さて誤解なきようお伝えしますが、人工由来と自然由来、どちらか一方だけで夢が形成されることはほとんどありません。人工物が自然を凌駕する時もありますし、やはり自然が人工物を飲み込むことだってもちろんある。混乱の果てきちんと要約された夢を語りたいのですが、自分の何かがそのまとめ方は退屈すぎると否定する。

さらに世間は人工物に価値を置くよう設計されていて、求められているのは個人の本音じゃないかもしれない。「夢は何か?」と聞かれれば相手に理解できるよう答えた方が評価は上がる。「誰々のようになりたい」とか「何々を手に入れる」とか。とりあえず明確な夢を語っておけば“この人しっかりしてるんだな”って安心してもらえる。逆に変化する興味や矛盾する本音を語ろうとすれば言葉が足りず相手には理解しれもらえない。最悪、愚か者や怠け者のようなレッテルを貼られてしまう危険性だってある。

世間の目は見当違いな偏見に眩んでいるのかもしれかもしれません。実際には、夢をうまく語れぬ人ほど自分に厳しく誠実な人で、簡単に語ってしまう人ほど実は見栄っ張りで中身のない人なのかもしれない。言い換えると静かな池ほど深いもので、せせらぐ川ほど浅いものです。
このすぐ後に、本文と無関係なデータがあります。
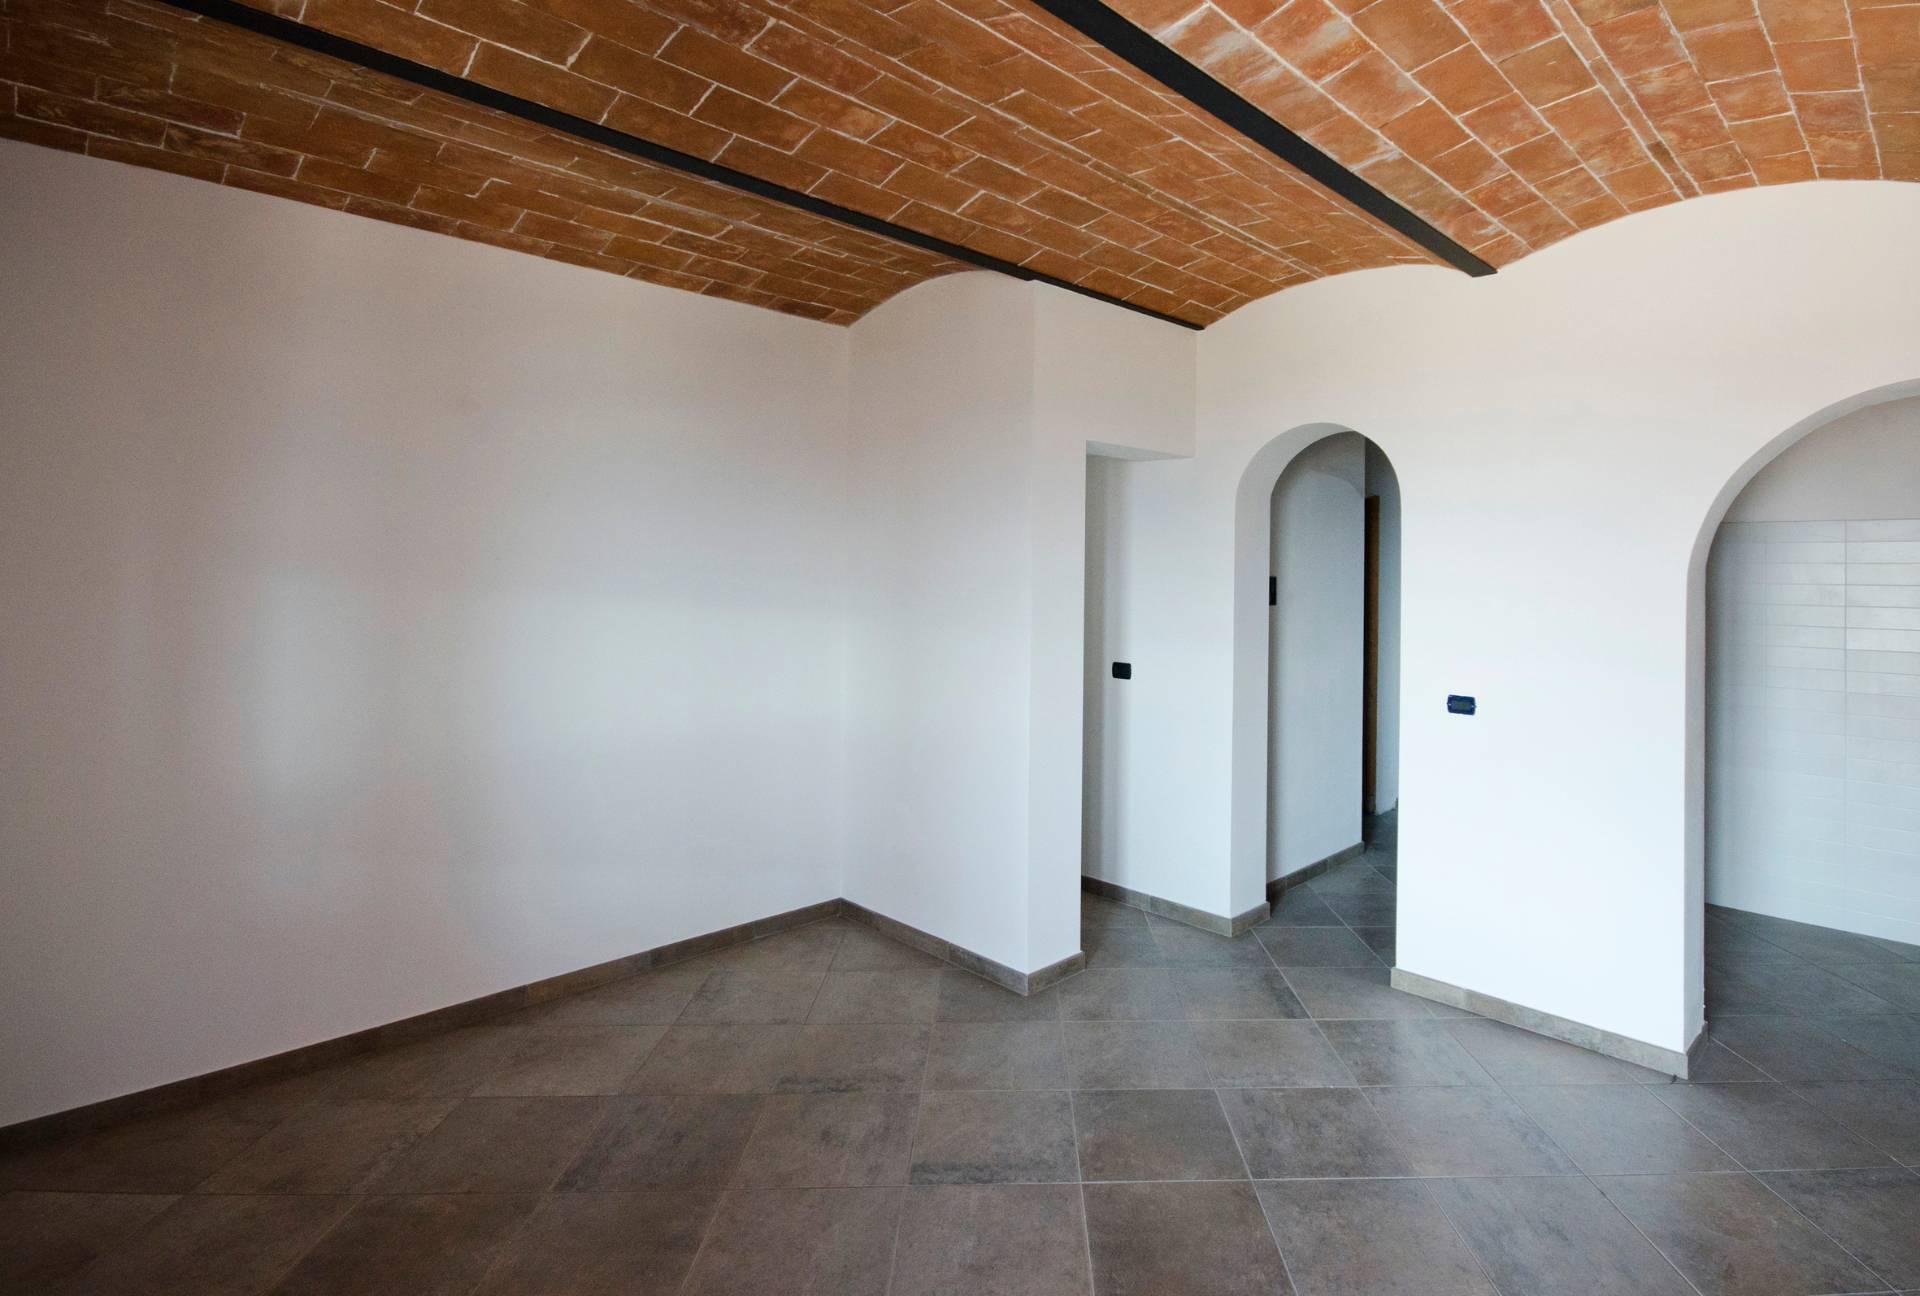 Appartamento in vendita a Riparbella, 2 locali, prezzo € 190.000 | PortaleAgenzieImmobiliari.it

確かに人工物は私たちを夢中にさせてくれますが、その反面、本質的な自己を見損なってしまう恐れもある。自然体を信じられなくなれば感性を失い、日常が色褪せる。善悪も、正誤も、優劣も社会が導くために勝手に決めたことで、安易にそれに従って堕落してしまうのはもったいない。自然の声に耳を傾け原点にまで徹底的に遡り群衆を忘れ、終わりを忘れ、見返りを忘れ、本来あるべき姿に没頭する。その固有の世界観はもはや完成したことがなく、多分これからも結論付くことはないでしょう。限りなく純粋(とうめい)に近い自然との対話は未だ途中なのだから。

さて、模倣理論についてどう思いますか?私たちは誰かの真似をしているだけなのでしょうか?また夢をうまく語れる人とそうでない人を分ける違いは何にあるのでしょう?あなたの持論も教えてください。